Because you obviously have to stand on the stool.

15 October 2007

Willpower enough to move mountains.

My god, he ain’t half puffing and panting as soon as he’s doing something, poor sod. He even gets out of breath when he’s lying still in his bed and I’m about to say goodnight. The situation has worsened lately and you can tell it’s time for the operation now.

Or, actually – ‘worse’ is maybe the wrong word. I don’t really think Abbe is feeling that bad. He doesn’t feel ill, if you see what I mean. But he can’t quite cope. He struggles to make the little oxygene that his blood can provide for his body last for a two-year-old’s activities. A bit like jumping, climbing, running and messing around at an altitude of 4000m, in case you know what that feels like.

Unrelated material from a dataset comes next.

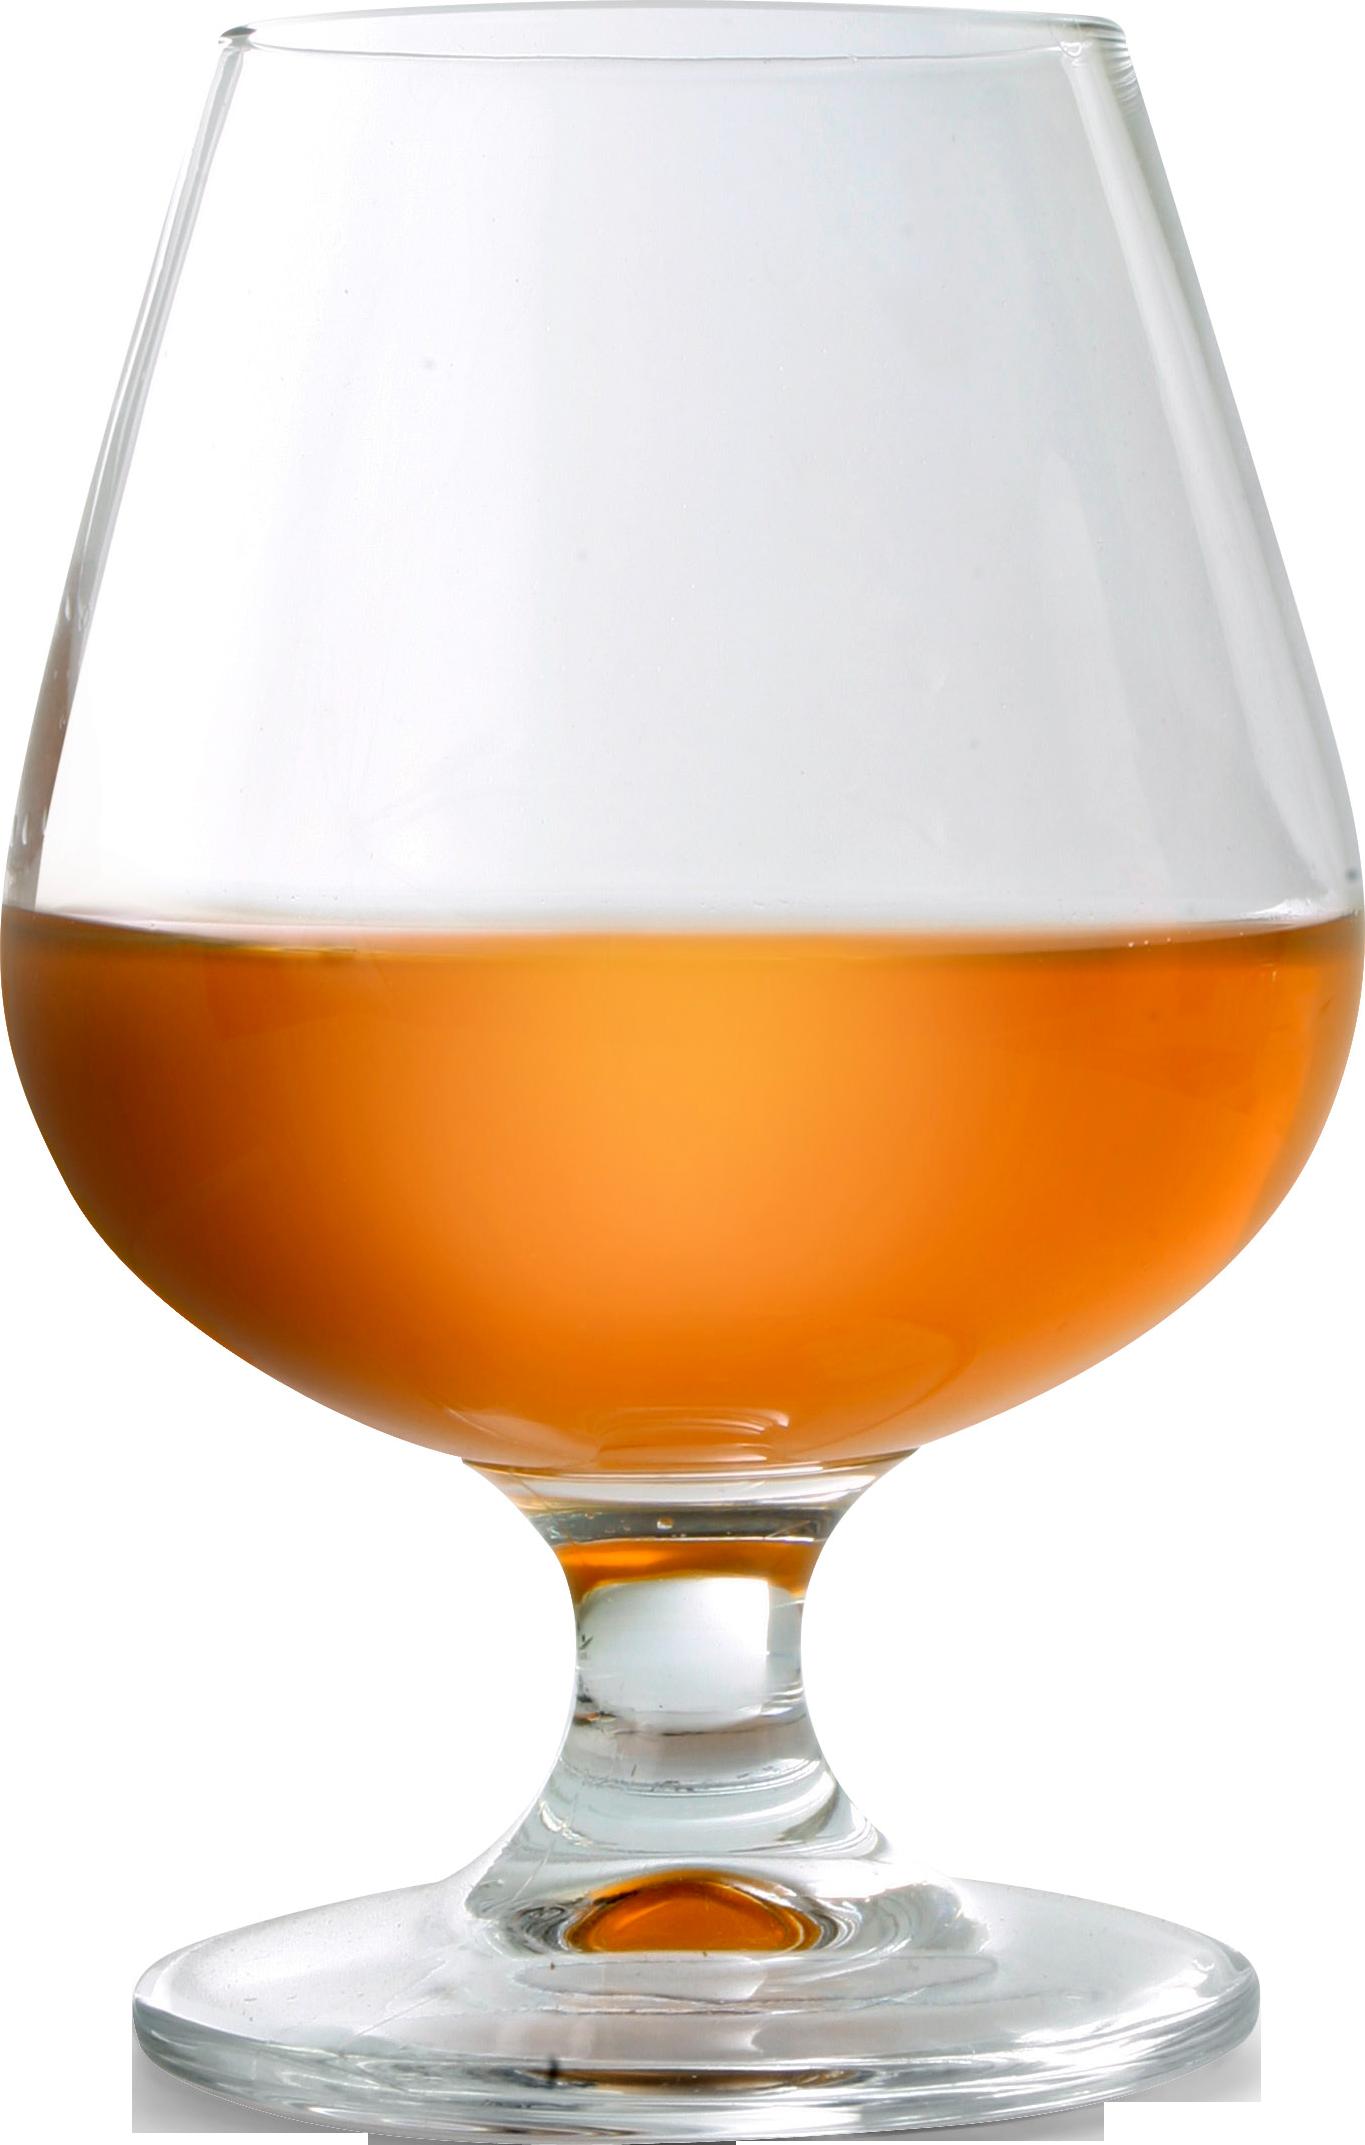 Cognac PNG Image.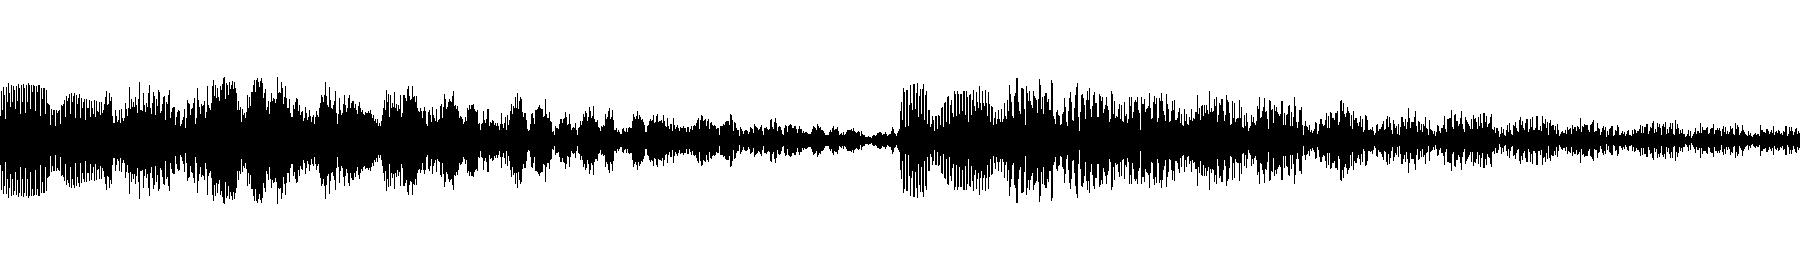 blbc dustygretsch 110 e

But Abbe doesn’t seem to have grasped that himself. He doesn’t seem to care he can’t play around as much as he wants. He is like a Duracell rabbit, energetic, intense, stubborn and very restless, compared to other children. During one afternoon, he can build Lego, play with the Brio railway and the marble-run (incredibly fun toy), play with all his cars, build a hut using all the cushions and duvets in the house. He has the time to make figures with his Play-Doh, play pirate, sing and jump around and he will also make time for climbing up and down all the chairs and tables dozens of times.

On top of that, he will also cough, pant and lie down on the floor and rest inbetween playing. As for me, I can hardly take in what’s happening.

8 October 2007

Autumn colours.

Oh my god, so many colds everywhere. Everyone is coughing and snivelling. As mentioned, Abbe has an eye inflammation. Him and his brother have been coughing for weeks now and both have snot hanging down from under their noses, constantly. Mum and myself aren’t much better. (Well, we’re not going around with snot in our faces, of course.) And pre school is like one huge viral war zone.

Is October really so fresh and clear, with vibrant yellow, red and brown colours? It feels more like yellow-greenish and sticky, I think.